Shortly after his death, one of the teenage daughters is driving a car in which the couple’s son is riding. They have an accident, and the son dies. Raynella is out of her mind with grief by that time. Then the husband of Mr. Dossett’s mistress tells Raynella that the son he has been raising as his own is actually her dead husband’s son. Raynella takes out a pistol and shoots at him, demanding that she should be allowed to raise the son herself (clearly to replace her own dead son—an emotional compensation). Of course, she’s convicted of gun charges, but they are later expunged from her record. Apparently, at least one judge understood that she was literally out of her mind with grief.
Several months later, she marries Mr.
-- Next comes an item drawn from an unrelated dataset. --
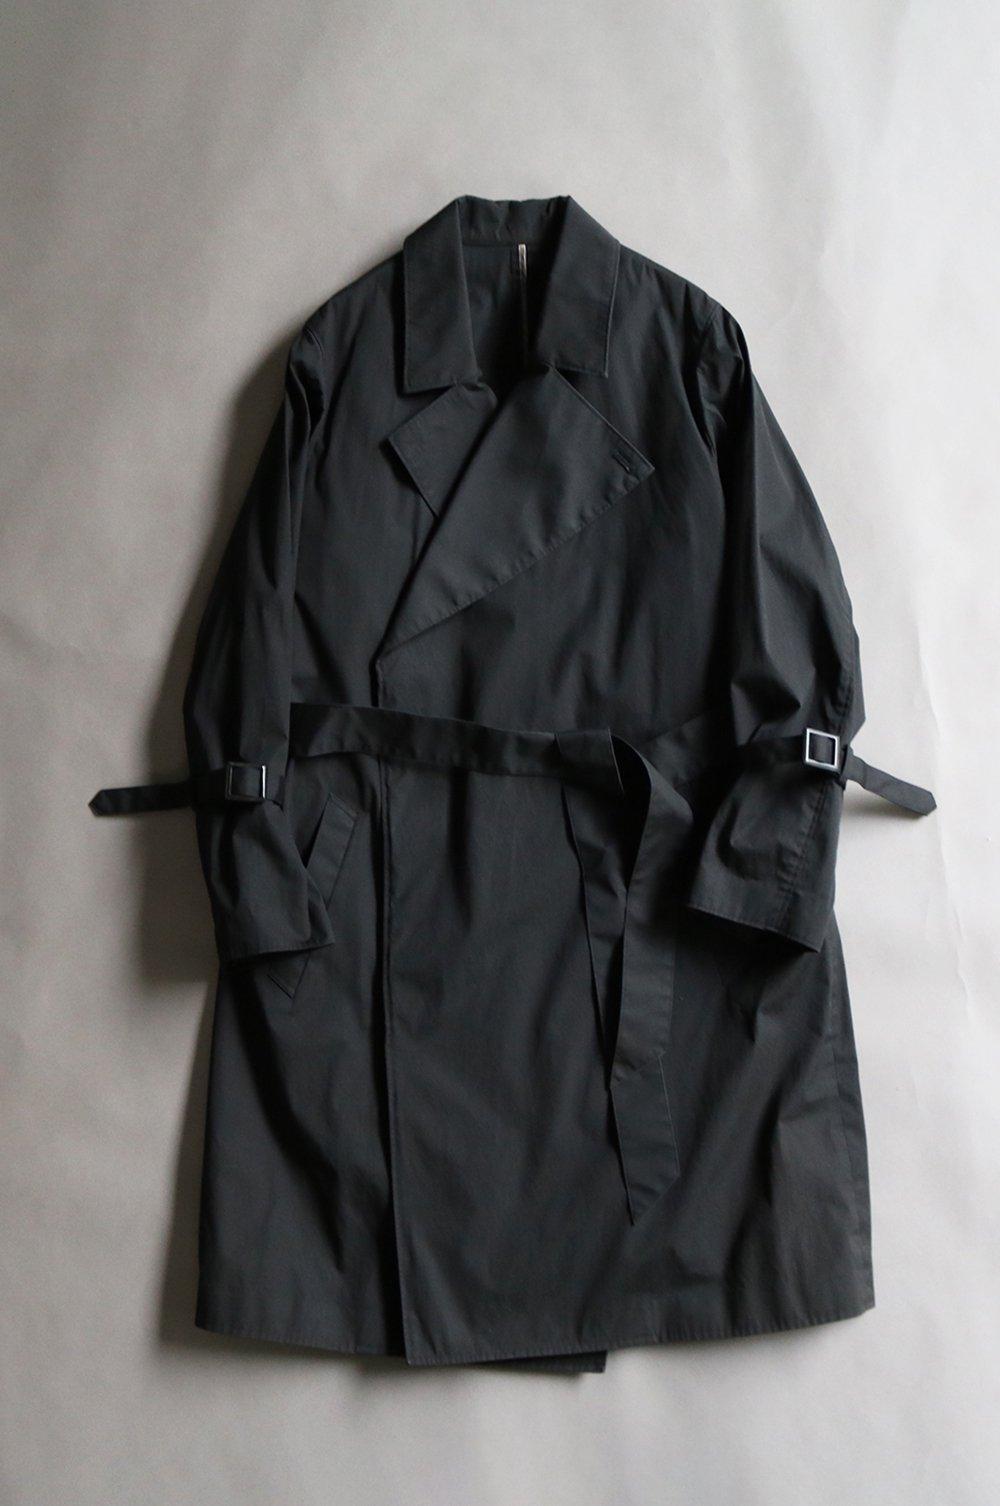 Rainy belted coat

Leath and becomes Raynella Dossett-Leath. David Leath and her husband had been life-long friends. Nothing could have been more natural. Maybe her unlucky streak has ended.
Five or six years later, David Leath begins to have serious medical problems—prostate failure, colon cancer, and eventually an unexplained, cyclical dementia. At some point, he becomes hooked on barbiturates.
This cyclical dementia appears to recur annually in late winter/early spring. He’s hospitalized for it. He exhibits paranoia (typical of dementia) and tells the doctors he thinks his wife is trying to kill him. In private, he’s often verbally abusive of his wife. This dementia recurs at least three times in February or March. The last time, it drives him to his lawyer to discuss his worries about his mother’s financial welfare after his death—a rather typical behavior for someone contemplating suicide. A month later, he’s found dead with a bullet in his forehead and a pistol beside his body. The autopsy shows a near-fatal does of barbiturates in his blood, too.
But Raynella’s bad luck isn’t over yet. Two other bullets were also fired from the gun. One was found in the headboard of the bed in which he died. One was found in the mattress. She’s charged with his murder. Then she’s charged with her first husband’s murder, too, even though she—and the whole county—knew he was dying of cancer.
A thought: Maybe a defendant’s prior history should sometimes go before the jury.